Berkat tekunnya belajar dan
delapan bulan kemudian dia berhasil mengantongi ijazah di Mesir dinamakan Kaffaah. Lalu dia keluar dari sekolah itu dengan alasan
ingin mempelajari bahasa Inggeris dan Perancis secara intensif, setelah delapan
bulan ia menekuni dua bahasa tersebut dia berhasil mendapat nilai “
equivalent” ia pun kembali ke sekolahnya yang lama. empat bulan kemudian
Rasyidi diuji untuk masuk kelas lima, yang akhirnya delapan bulan kemudian dia
berhasil meraih diploma sekolah menengah umum dan agama dan hafal al- Qur’an
secara lengkap 30 juz dengan ijazah “beccalaureat”
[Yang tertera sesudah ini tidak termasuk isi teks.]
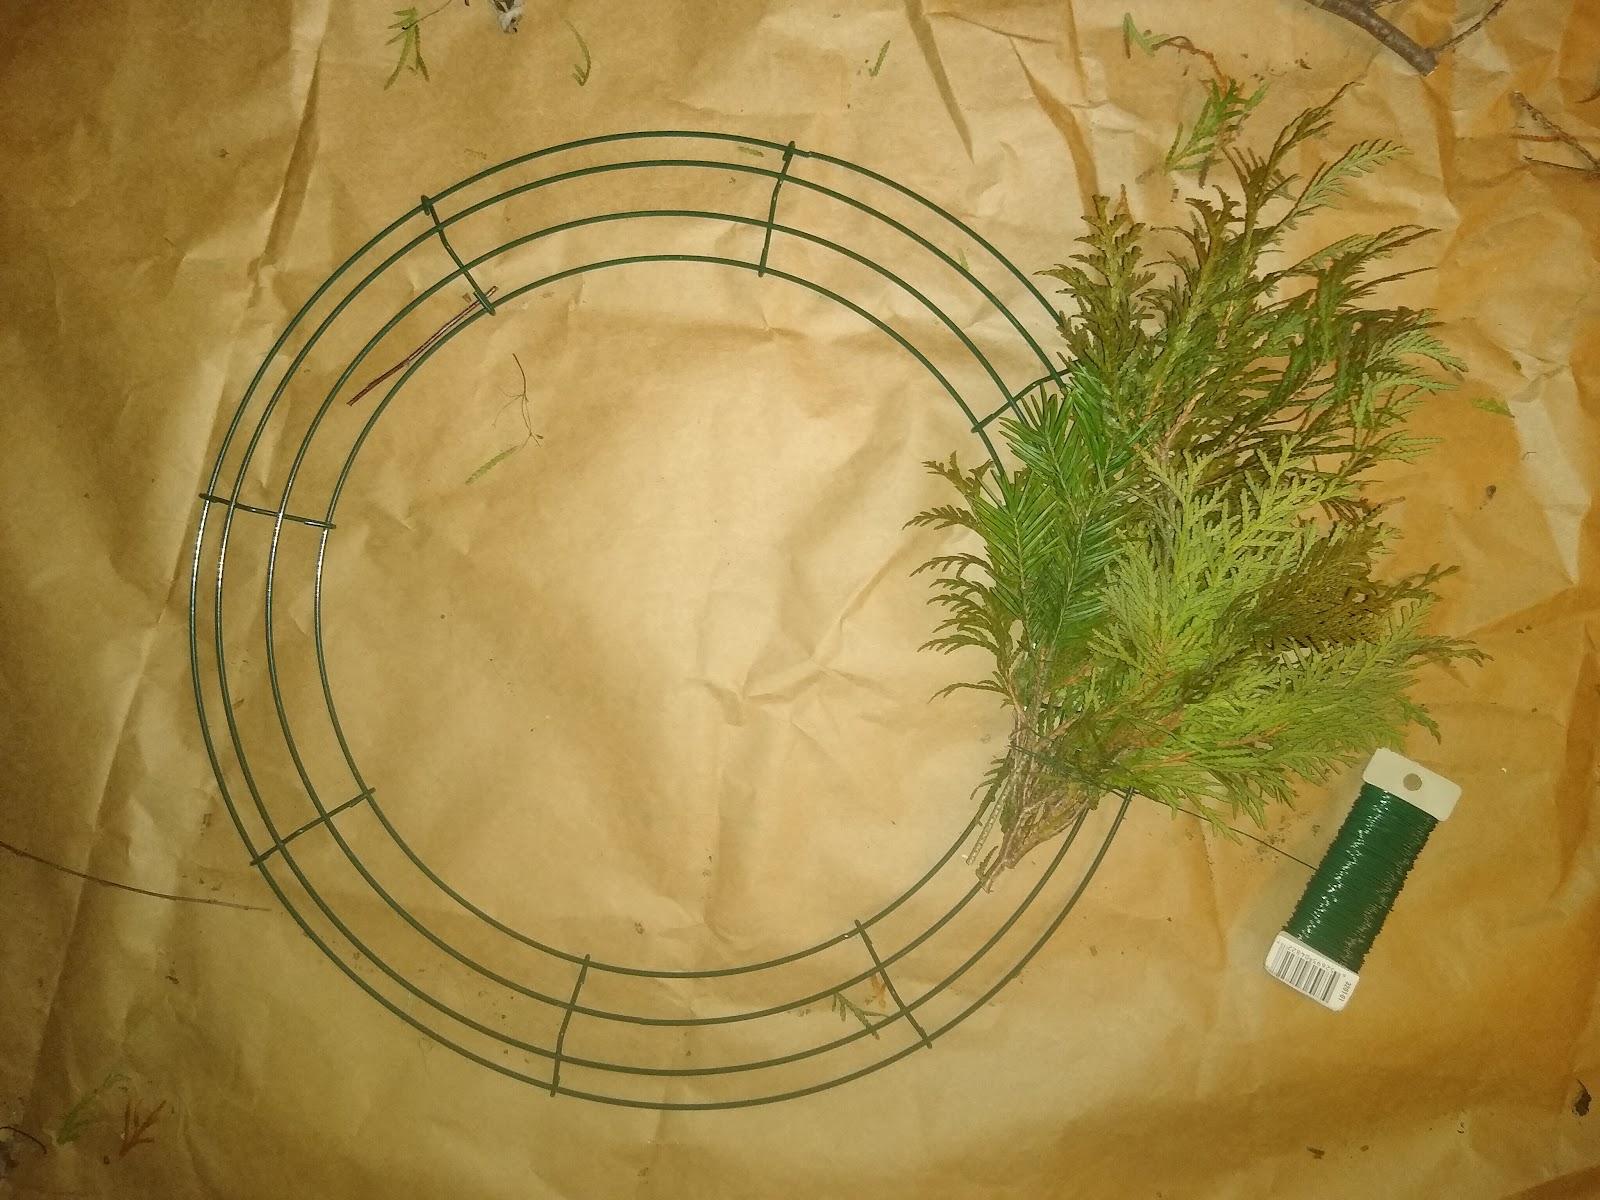 Christmas wreath bundle
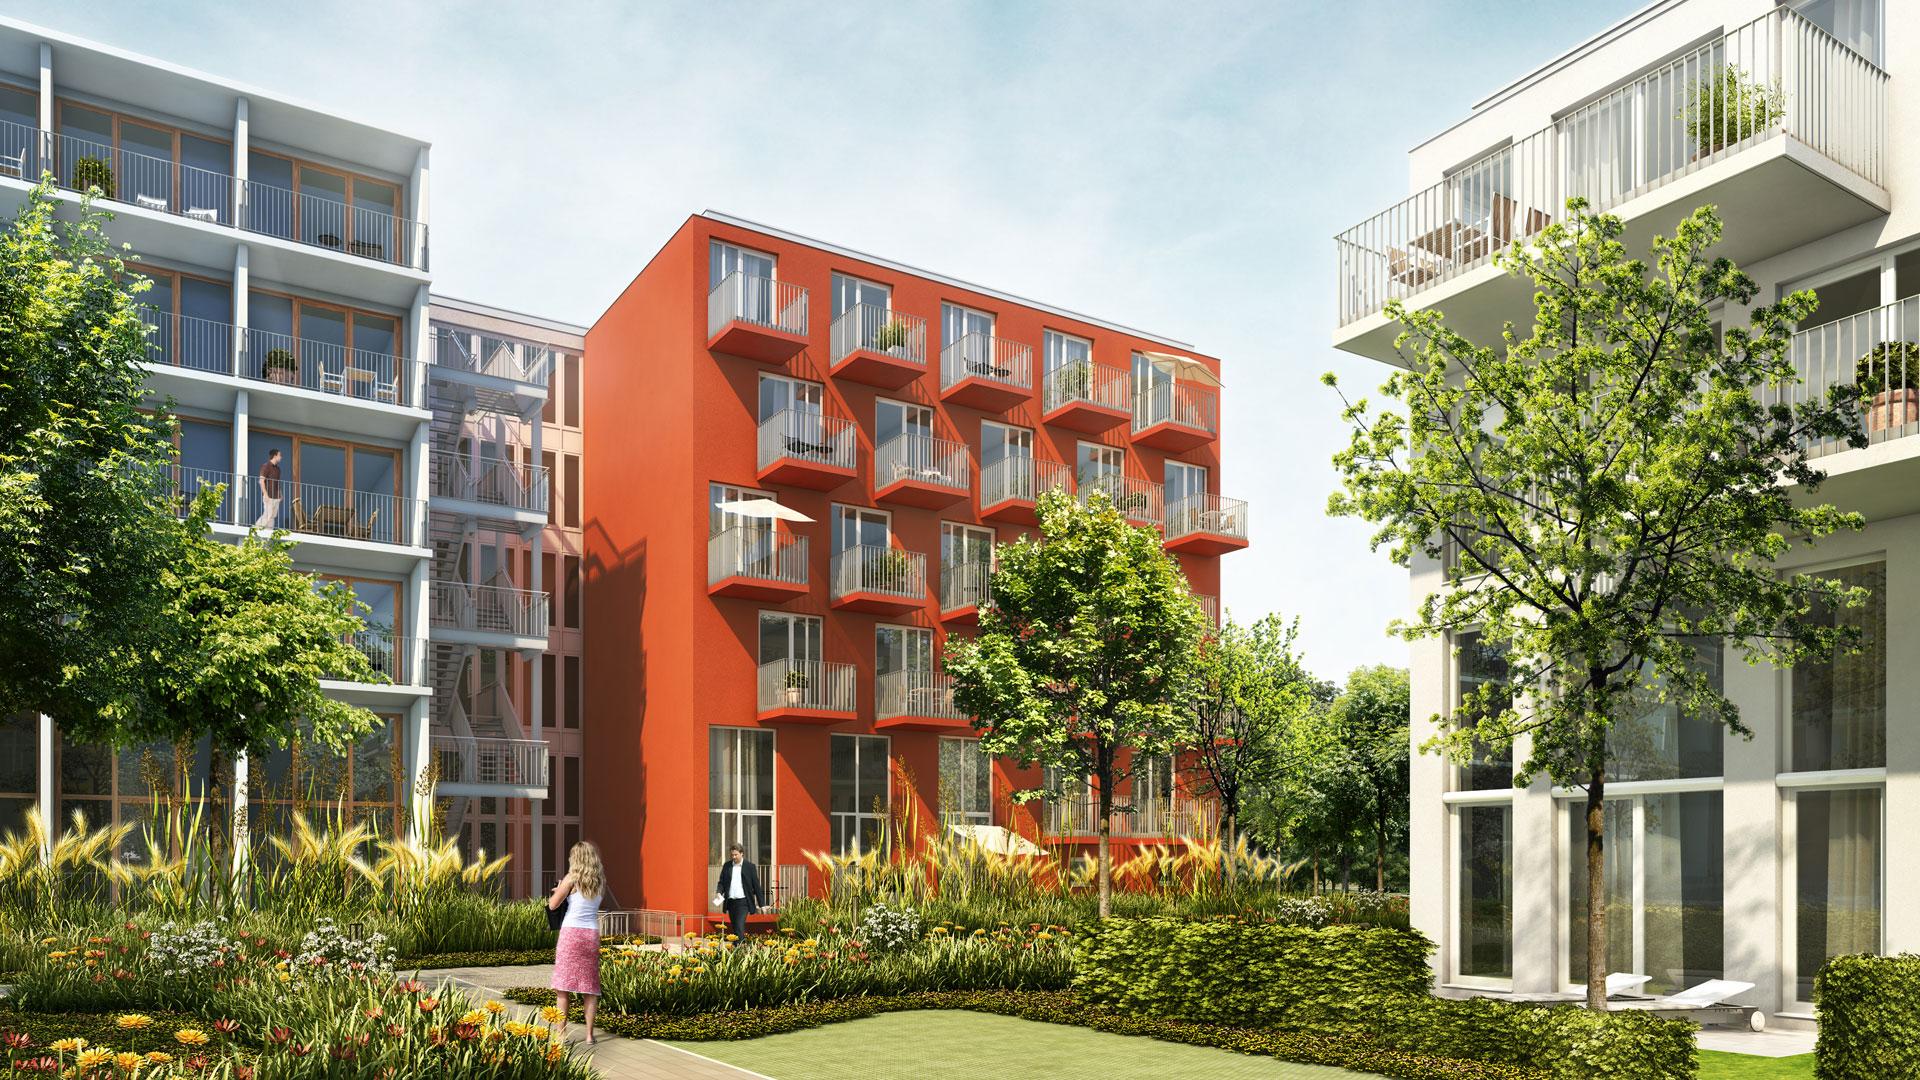 Gartenansicht des Apartmenthauses studiomuc mit harmonischer Fassadengestaltung vom Architekturbüro atelier8 in Frankfurt

Dengan ijazah itulah Rasyidi
dapat diterima di Darl Ulum, tetapi baru setengah bulan belajar di sana, dia
merasa bahwa jurusan itu tidak cocok dengan panggilan jiwanya. Akhirnya dia
memilih pelajaran pada bidang filsafat dan agama di Universitas Kairo Mesir. Rasyidi merasa beruntung dengan
menetapkan pilihan pada jurusan filsafat dan Agama sebab jurusan itu masih baru
dan peminatnya belum banyak, guru yang memberikan kuliah sebagian besar adalah dosen di Universitas Sarbonne. Dengan
demikian Rasyidi banyak sekali menimba ilmu dari dosennya secara langsung. Salah
satu diantaranya adalah Syekh Mustafa Abdul Raziq yang pernah menjadi murid
langsung dari Muhamad Abduh.[3]
Pada tahun 1937 sewaktu
sudah duduk di tingkat III, dia meminta cuti untuk menunaikan ibadah haji
bersama Abdul Kahar Muzakkir. Dan pada tahun itu juga Rasyidi berhasil
mendapatkan ijazah “ lincence”. Dia putra Indonesia yang berhasil lulus
nomor satu setelah tujuh tahun belajar di Kairo. Maka tiba saatnya Mesir
ditinggalkannya dan kembali ke tanah air.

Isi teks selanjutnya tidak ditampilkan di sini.